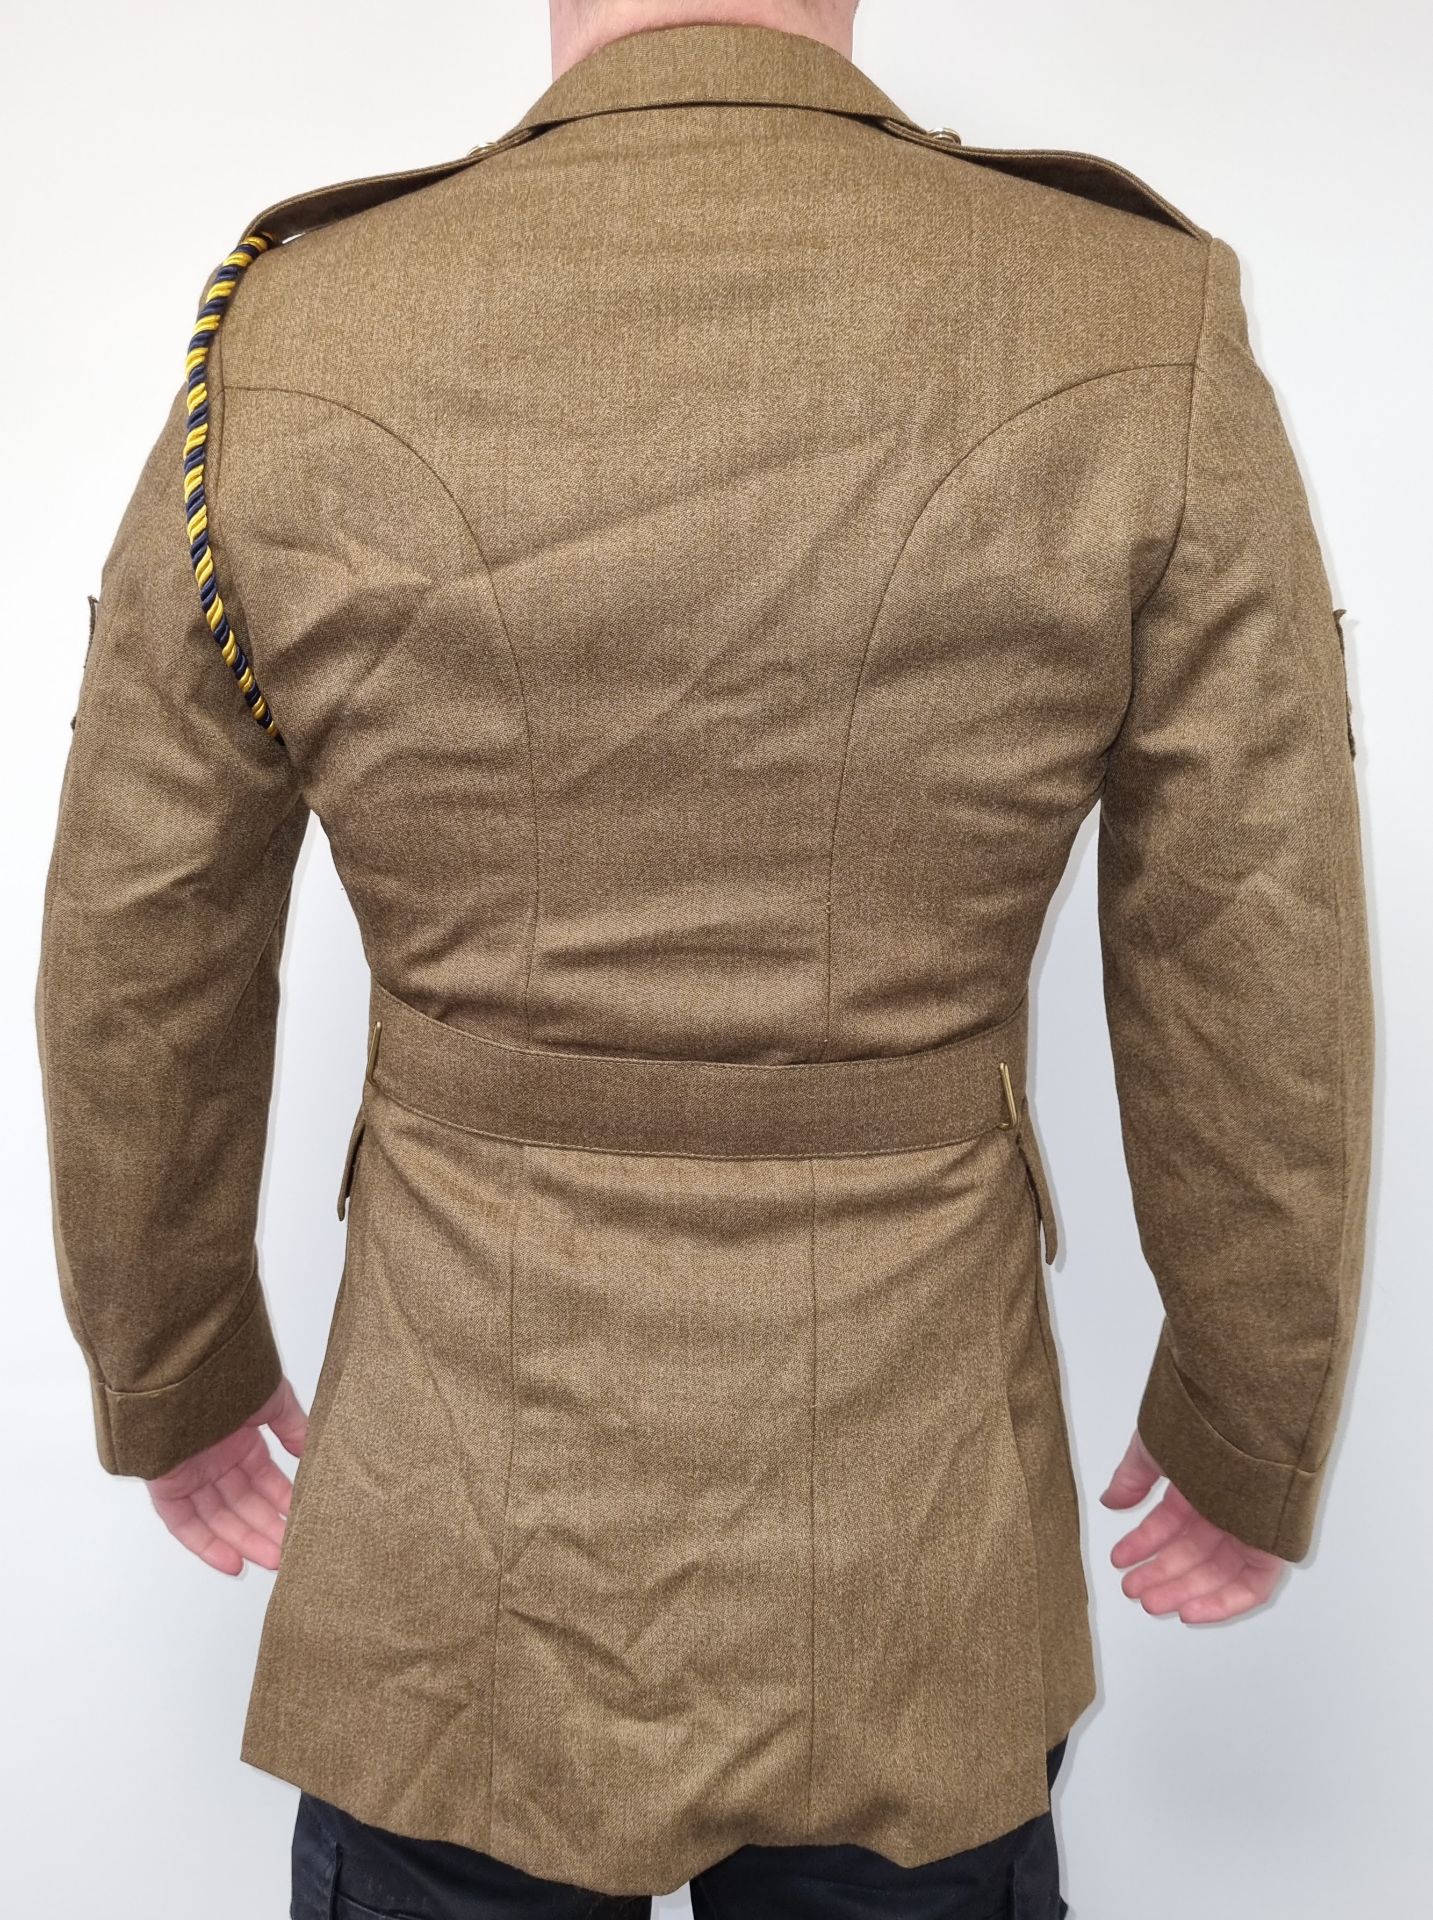 50x British Army No.2 dress jacket - mixed grades and sizes - Image 2 of 8
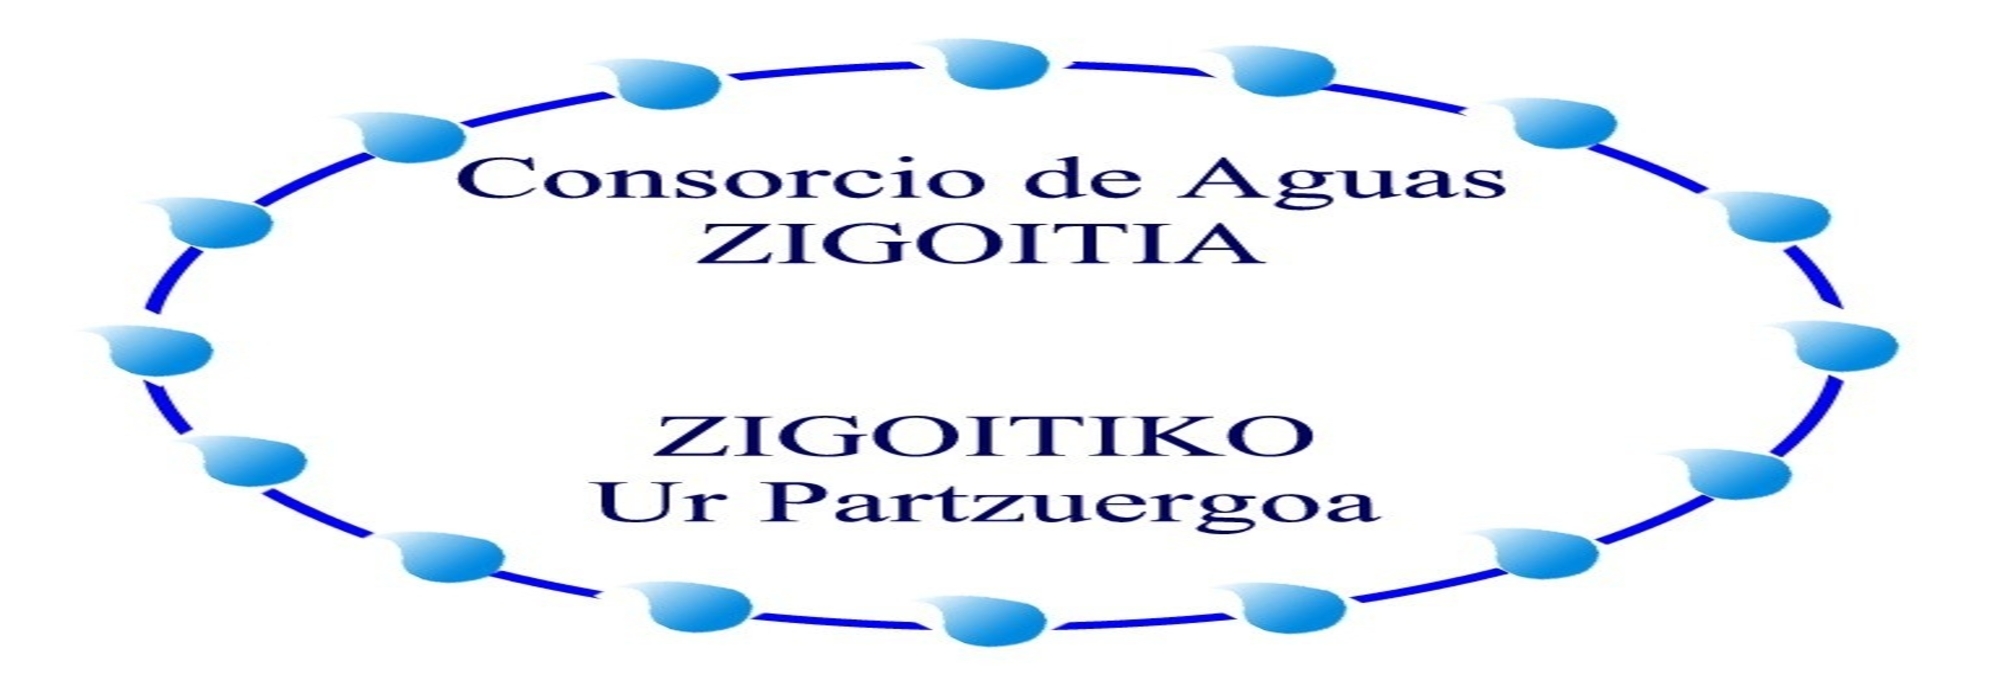 2. Consorcio de Aguas de Zigoitia
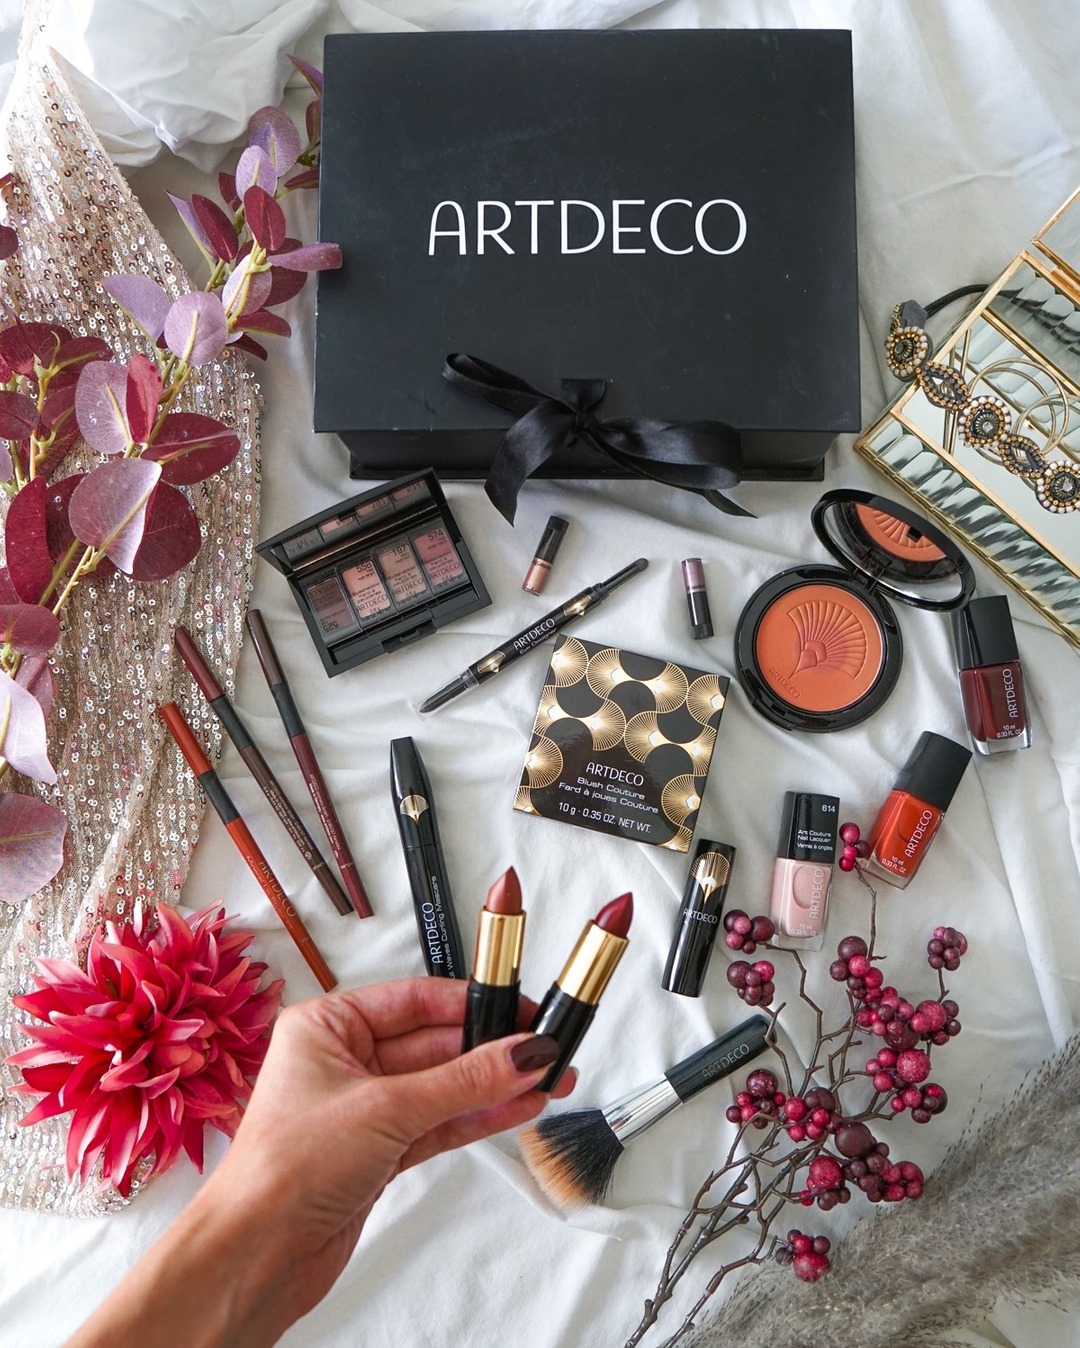 ARTDECO - Our lovely @inspirationdelavie draws attention to our new collection ENTER THE NEW GOLDEN TWENTIES. We love it!⠀⠀⠀⠀⠀⠀⠀⠀⠀
⠀⠀⠀⠀⠀⠀⠀⠀⠀
#artdecocosmetics #enterthenewgoldentwenties #artdecobeauti...
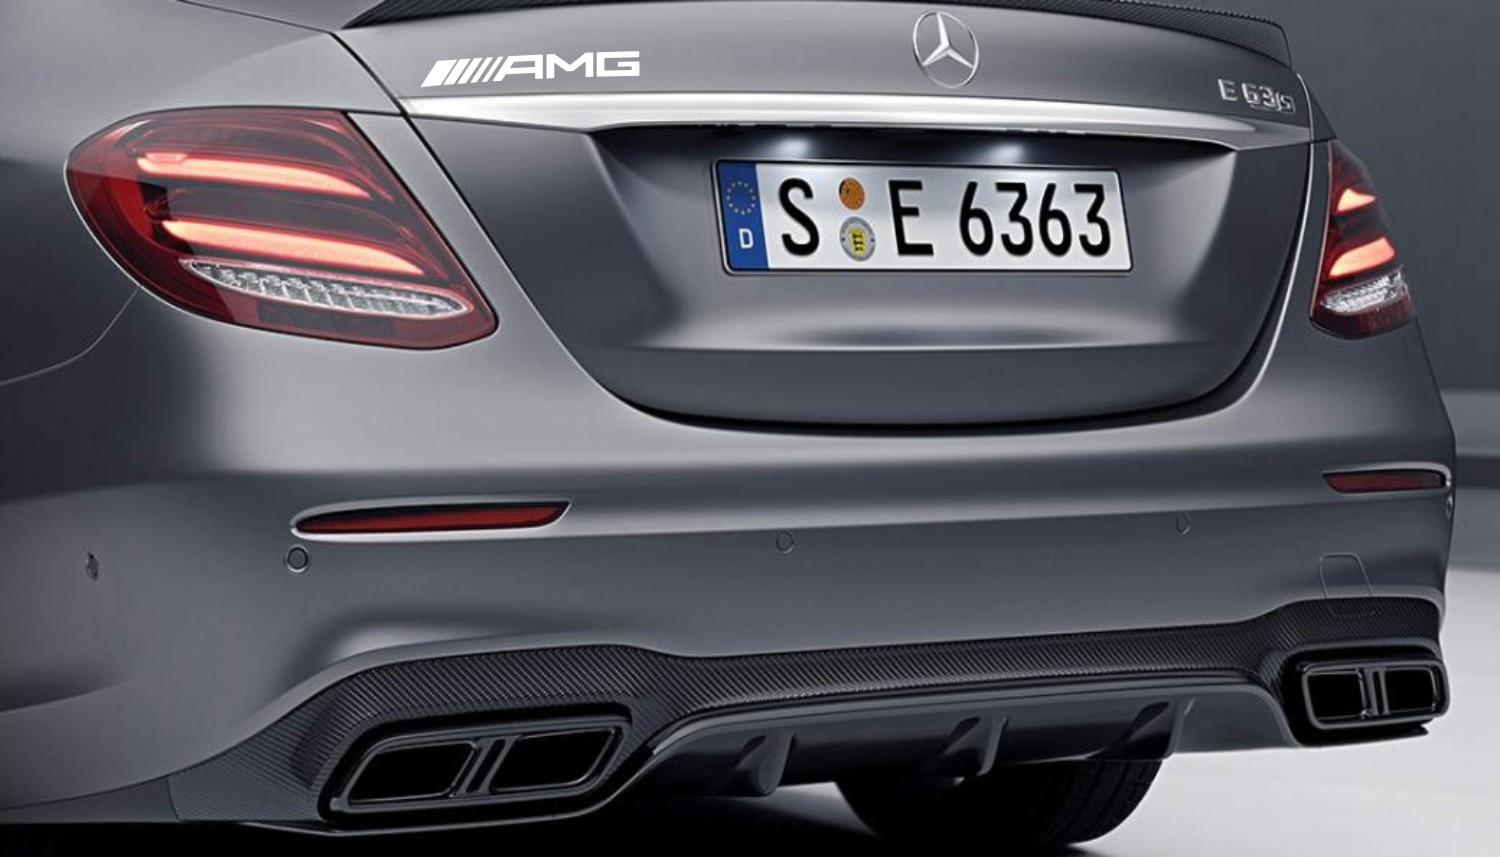 Adesivos AMG Mercedes - 2 Unid de 20cm. Alta qualidade
::::::::::
» **About this task**: If a line holds a picture, skip the picture and transcribe the rest of the material exactly.

» **Task solution**:
 50x British Army No.2 dress jacket - mixed grades and sizes - Image 2 of 8
 2. Consorcio de Aguas de Zigoitia
 ARTDECO - Our lovely @inspirationdelavie draws attention to our new collection ENTER THE NEW GOLDEN TWENTIES. We love it!⠀⠀⠀⠀⠀⠀⠀⠀⠀
⠀⠀⠀⠀⠀⠀⠀⠀⠀
#artdecocosmetics #enterthenewgoldentwenties #artdecobeauti...
 Adesivos AMG Mercedes - 2 Unid de 20cm. Alta qualidade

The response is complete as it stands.